Несколько мгновений Инграм молчал.
– Всего золота гномов, которому, как говорят, нет числа, не хватило бы для освобождения всех узников, а между тем, ты – не воин, а хочешь принять на себя такой труд?
– Я воин, только ты не видишь этого, – ответил Готфрид. – Смиренный перед господом моим, но более сильный, чем ты думаешь. Господи, прости меня, что похваляюсь перед ним! – прибавил он.
Инграм измерил его глазами и сердце его тронулось нежностью. Он тихо промолвил:
– Много таинственных знаний – так полагал и Буббо, вожак медведей, – досталось нам в удел. Опасаюсь только, что вы можете их употребить и на пользу и во вред другим.
– Быть к каждому – ласков и никому не вредить – таков завет моего Господа, – торжественно ответил Готфрид.

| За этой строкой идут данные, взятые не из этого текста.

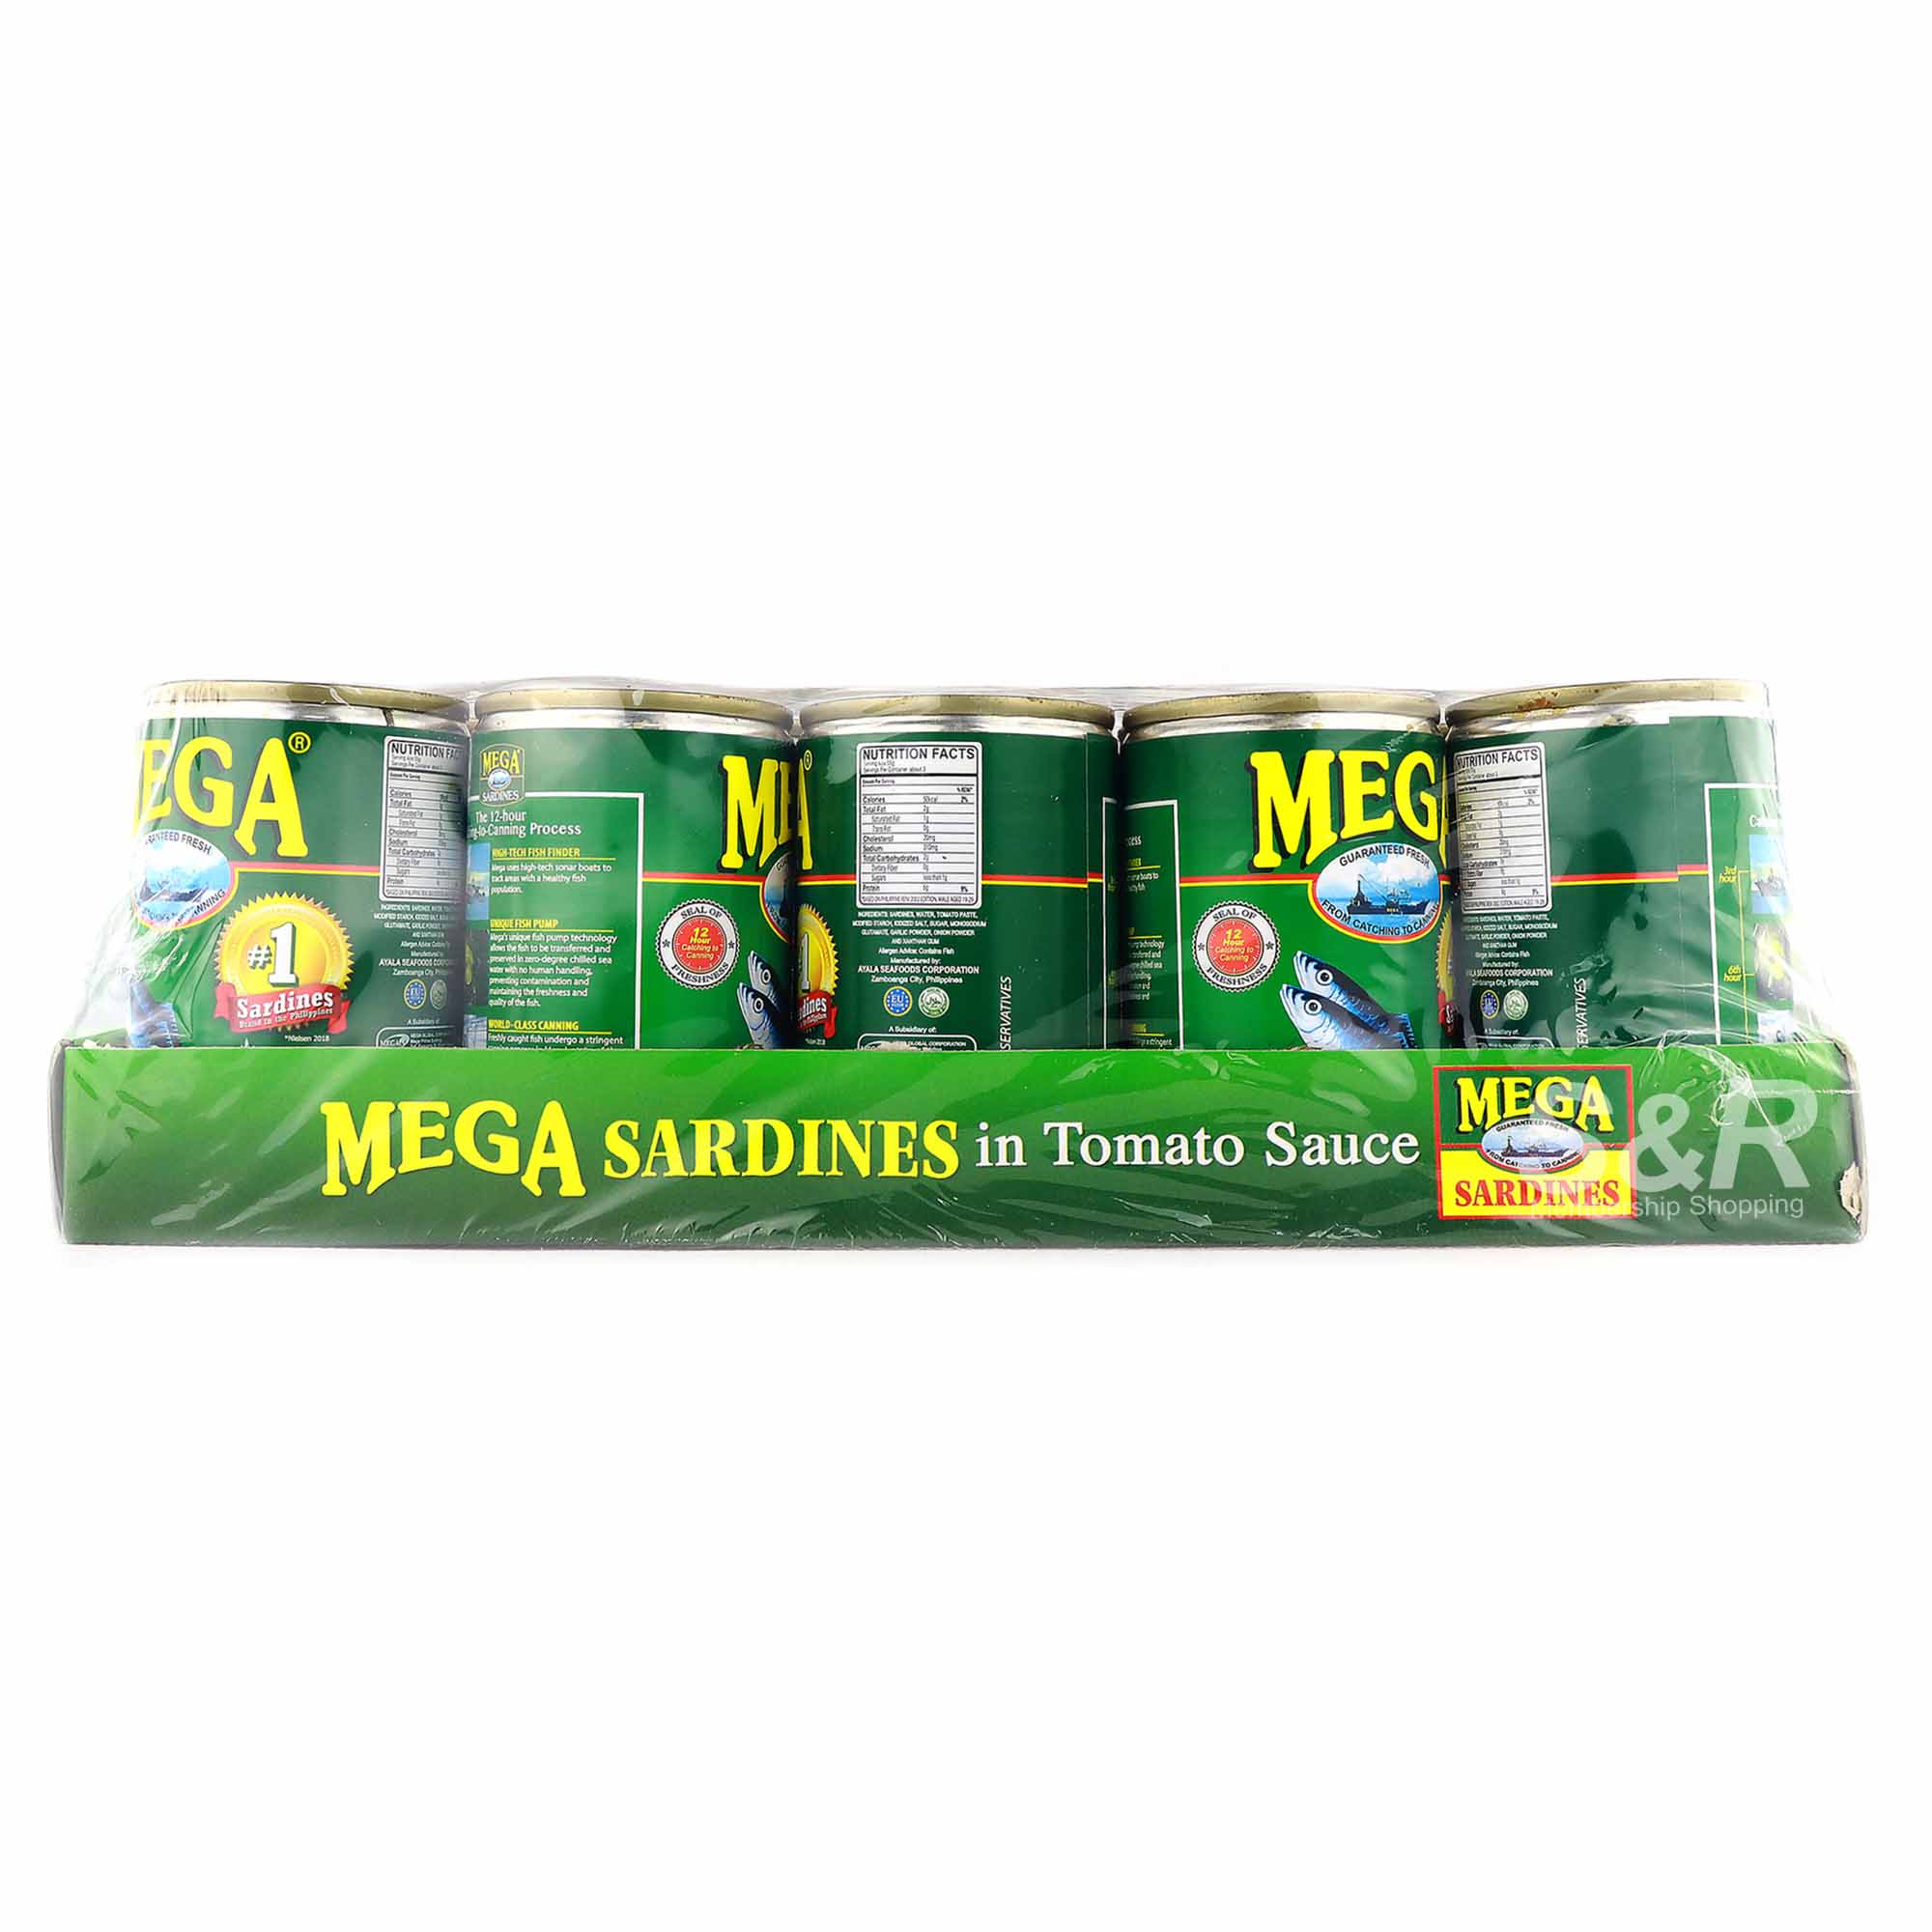 Mega Sardines in Tomato Sauce 10 cans

– Такая заповедь подобает светлому богу, – заметил Вольфрам, до сих пор молчаливо управлявшийся с пивом и мясом дикой козы, а теперь спокойно растянувшийся у огня. – Не трудно с таким учением ездить по лесам. Поверь, чужеземец, и здесь есть сверхчеловеческие существа, у которых те же помыслы, которые ты восхваляешь в своем боге. Видишь ли там на скале нависший холм? Там обитает племя добрых карликов, маленьких ласковых человечков. Никто никогда не слышал, чтобы они принесли кому-то вред. Но счастлив путь того, кто оставляет им что-либо из своего дорожного запаса. Многих они подзывали к себе, давали сухие листья и орехи, превращавшиеся ночью в золото.
– Много непристойного, в речах твоих, Вольфрам, – возразил монах. – Бог христиан не дарит ни листьев, ни орехов, и он не дает даров, сохраняющих счастье в доме человека.
– Однако такая охрана есть, – сказал Инграм. – Я знаю одного человека, в род которого жены судьбы дали дар. Мне известно даже место, где он скрыт, и я знаю, что в течение многих поколений он сохраняет силу.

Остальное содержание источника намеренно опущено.